First maps of the Sudd derived using radar remote sensing showing how flooding patterns change over time.
Satellite images based on synthetic aperture radar are enabling researchers to see water distribution in the wet-season Sudd for the first time. Photo: JAXA
The Sudd wetland of South Sudan is one of the largest tropical wetlands in the world. However, despite covering an area twice the size of Spain in the wet season, very little is known about the number of people it supports or the current state of its biodiversity. “The wetland as a whole and its dynamics have not been mapped repetitively or systematically,” explains Lisa-Maria Rebelo, a researcher in remote sensing at the International Water Management Institute (IWMI) and a member of the international science team set up to support the Japan Aerospace Exploration Agency’s (Jaxa) Kyoto and Carbon (K&C) Initiative. In part this is due to the fact that satellite images relying in visual data cannot easily see beneath vegetation or clouds to get an accurate picture of where the water is.

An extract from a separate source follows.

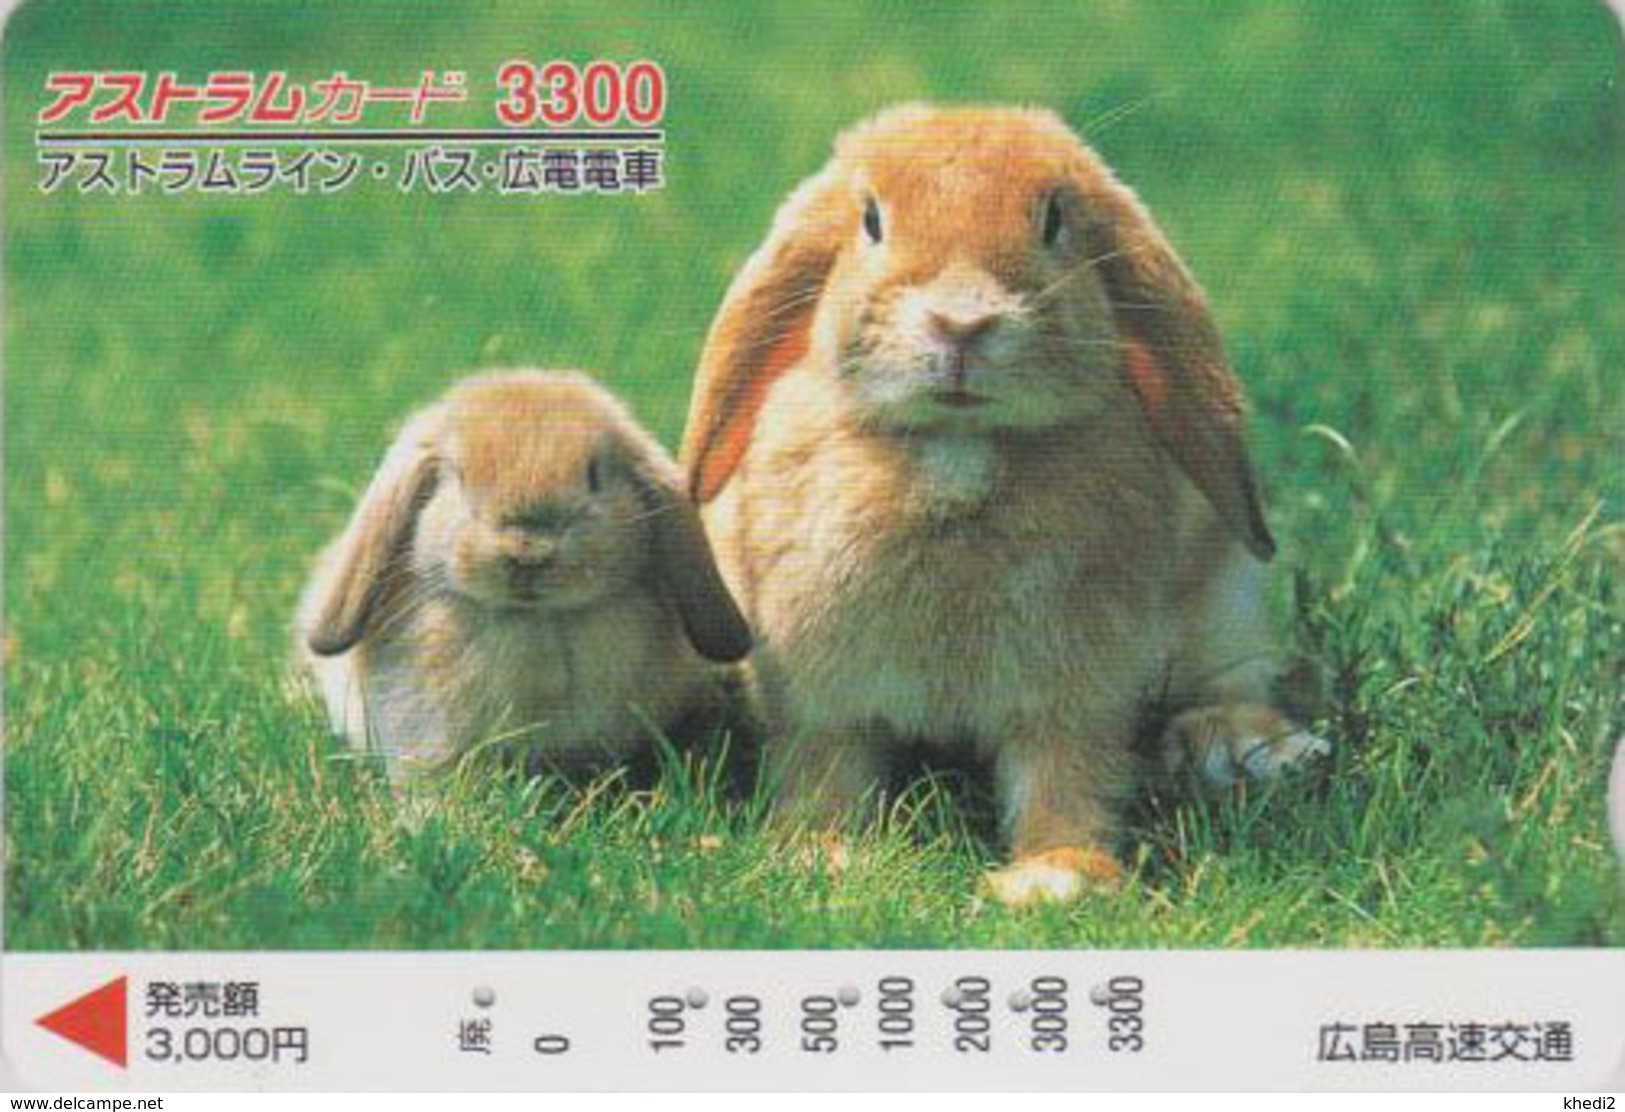 Carte Japon - ANIMAL - LAPIN & Bébé Lapereau 3300 - RABBIT Japan Prepaid Card - KANINCHEN CONIGLIO - FR BE 263 - Rabbits

Through the K&C initiative, however, Rebelo is working to create the most up-to-date map of the Sudd using radar remote sensing data supplied by JAXA. The long-wave band radar data acquired by the PALSAR instrument between 2006-2011 has the benefit of allowing scientists to see what’s happening beneath the vegetation canopy. “We get a very distinct signal between open water, flooded vegetation and terrestrial land,” says Rebelo. “This gives us a much clearer picture, compared to optical data, for looking at the dynamics of the different wetland components, and inundation patterns and dynamics.”
A giant sponge
The Sudd, of which 57 million hectares was designated a Ramsar Wetland of International Importance in 2006, is located in the lower reaches of the White Nile (Bahr el Jebel), which flows north from Lake Victoria in Uganda. The wetland receives rainfall from the surrounding catchment and in-flows from Lake Victoria. It acts like a giant sponge, retaining water and releasing it slowly throughout the year. In this way, it regulates the flows of the White Nile. Early findings from Rebelo's analyses of the satellite data show the wetland has increased in size on an annual basis over the past ten years. This does not appear to be due to changes in rainfall patterns, so therefore must be related to changes in flow; however, more work is needed to find the exact reason.

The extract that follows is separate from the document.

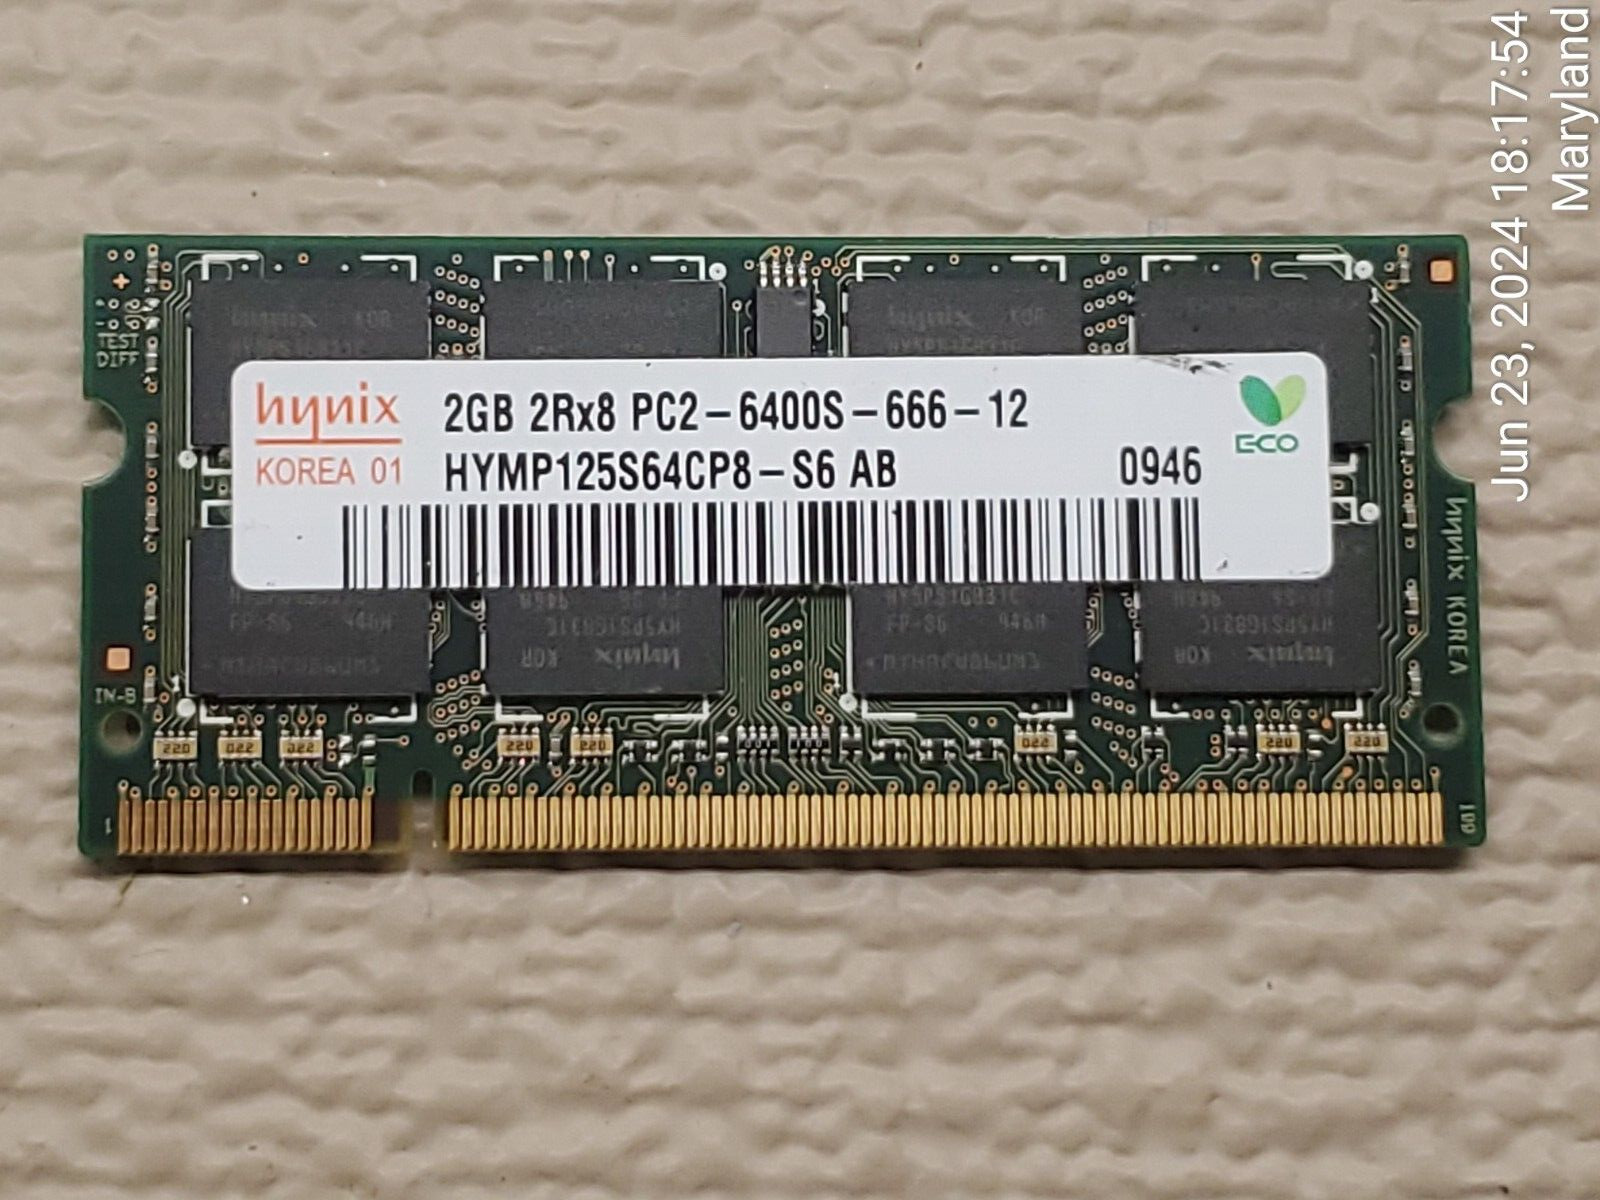 Hynix 2GB 2RX8 PC2-6400S-666-12 Laptop Memory HYMP125S64CP8-S6

Papyrus, aquatic grasses and water hyacinth, inhabited by crocodiles and hippopotamuses, grow in dense thickets in the shallow waters of the Sudd. Floating islands of vegetation up to 30km across make it hard to navigate a way through the swamps either by boat or overland; early explorers seeking the source of the Nile often took months to get across. Two civil wars, the first between 1955 and 1972 and the second from 1983 to 2005 have also contributed to the dearth of knowledge about the Sudd. The political instability culminated with South Sudan becoming an independent state in 2011, but gaining access to the wetland remains difficult.
In April 2010, Rebelo and a team of IWMI researchers met in Juba, the main town at the southern end of the wetland. The aim was to find out what people thought of the wetland, the main threats to the wetland, and the priorities for future research. It became apparent during the workshop that the wetland was of great cultural importance to many South Sudanese. ”Representatives present from the Government of South Sudan were all very passionate about the wetland,” Rebelo recalls. “Many of the people we met had grown up in or around the wetland and many of their cultural ceremonies were tied to it.”
Shoebill Stork. Photo: Mark Jordahl on Flickr
An environmental hotspot
The few studies that have been conducted on the wetland reveal the Sudd to be a unique and highly biodiverse ecosystem, home to over 400 bird and 100 mammal species. The Sudd supports the highest population of shoebill storks and the greatest numbers of antelopes in Africa. Many fish species migrate from the surrounding rivers to the nutrient-rich floodplains to feed and breed during the seasonal floods. While no recent figures are available, the Sudd is of great importance to local livelihoods. Beyond the wetland lies a very hostile, arid environment. The nomadic tribes move with the floods, relying on the waters to graze and water their cattle or provide fish.
Despite the wetland’s value, it faces a number of threats. In the 1980s, a 260km stretch of a planned 360km canal was dug, with the aim of diverting 4.7 billion cubic meters of water annually to Egypt and Sudan for irrigation. The project was halted by the civil war but if re-instigated could have drastic environmental consequences. Various dams are presently planned upstream of the Sudd, which could also affect its seasonal water flows. And with the recent discovery of hydrocarbons in the region, oil exploration is under way. “Drilling is already under way but there are no regulations in place and no monitoring of pollution,” says Rebelo. “With the on-going difficulties in gaining access to monitor and assess the current status of the wetland and changes within it, it’s even more important to generate the information needed using the satellite data.”